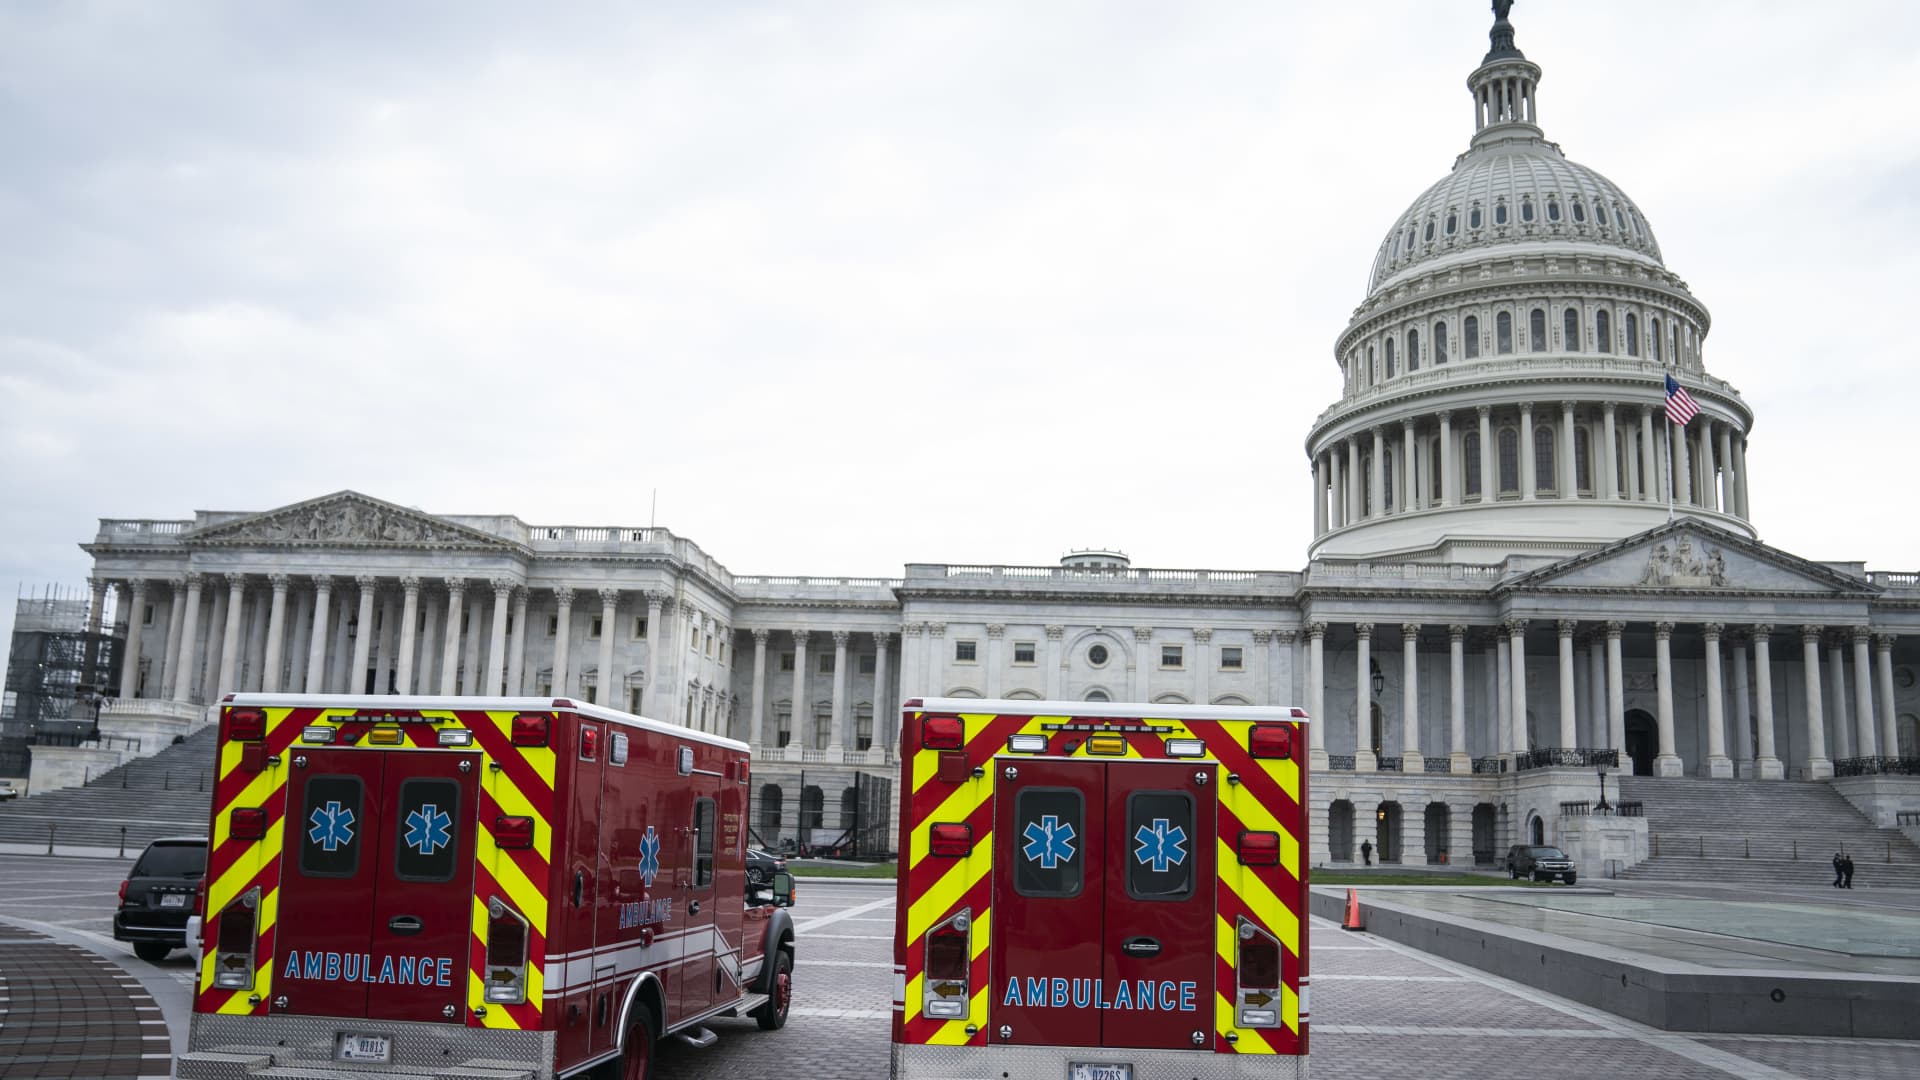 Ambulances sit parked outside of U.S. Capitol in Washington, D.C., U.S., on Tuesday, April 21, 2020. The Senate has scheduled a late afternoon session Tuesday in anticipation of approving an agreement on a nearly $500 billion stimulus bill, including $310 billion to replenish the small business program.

•••

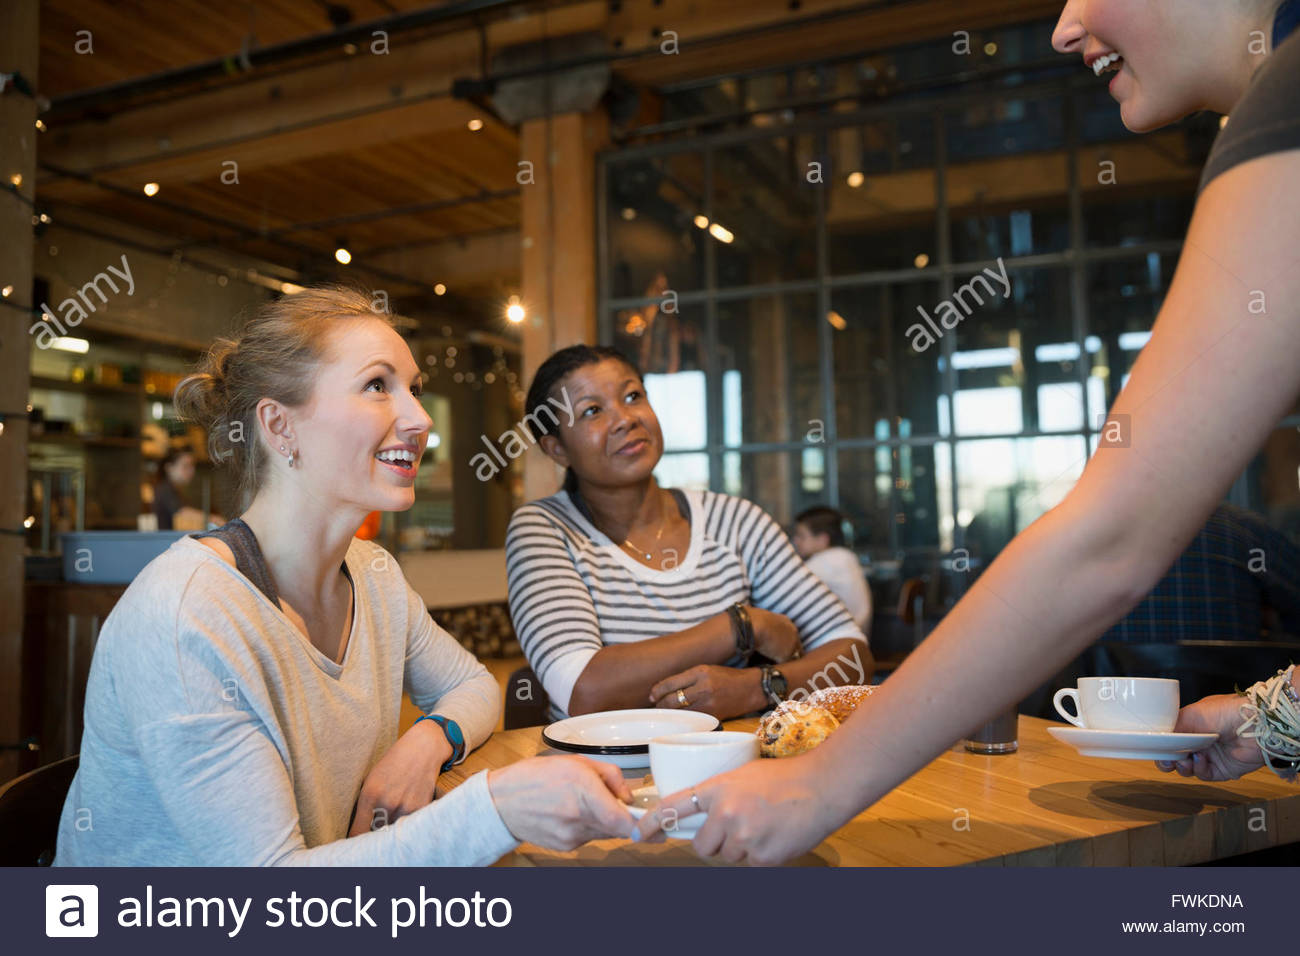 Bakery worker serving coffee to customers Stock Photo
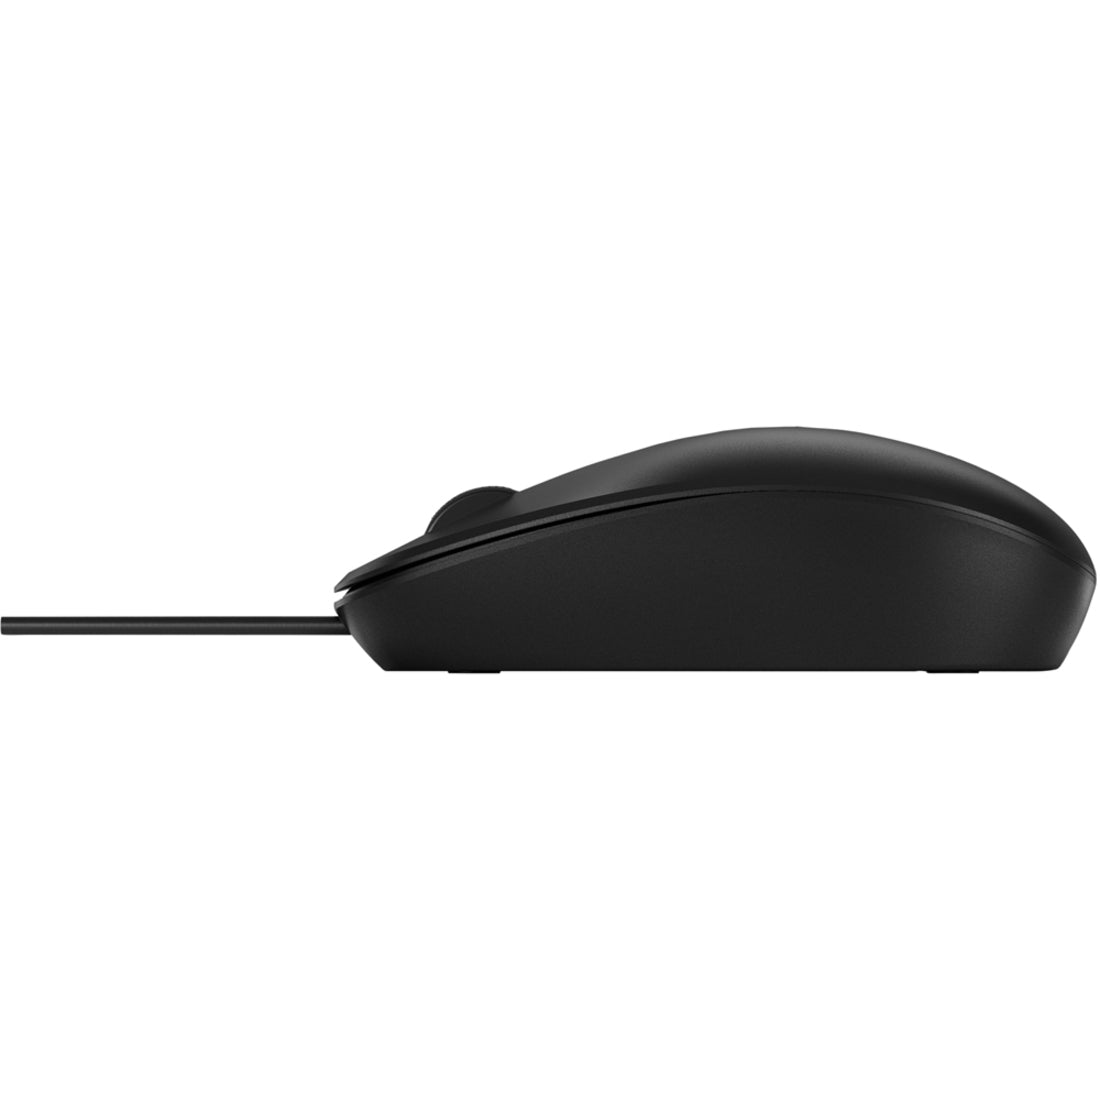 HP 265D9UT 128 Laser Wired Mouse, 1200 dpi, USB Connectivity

•••

ACTIVITY.
Once the line with "Bakery worker serving" is found above, transcribe each line from it through the line with "HP 265D9UT 128", exactly, and omit the pictures.

ANSWER TO THIS PROBLEM.
 Bakery worker serving coffee to customers Stock Photo
 HP 265D9UT 128 Laser Wired Mouse, 1200 dpi, USB Connectivity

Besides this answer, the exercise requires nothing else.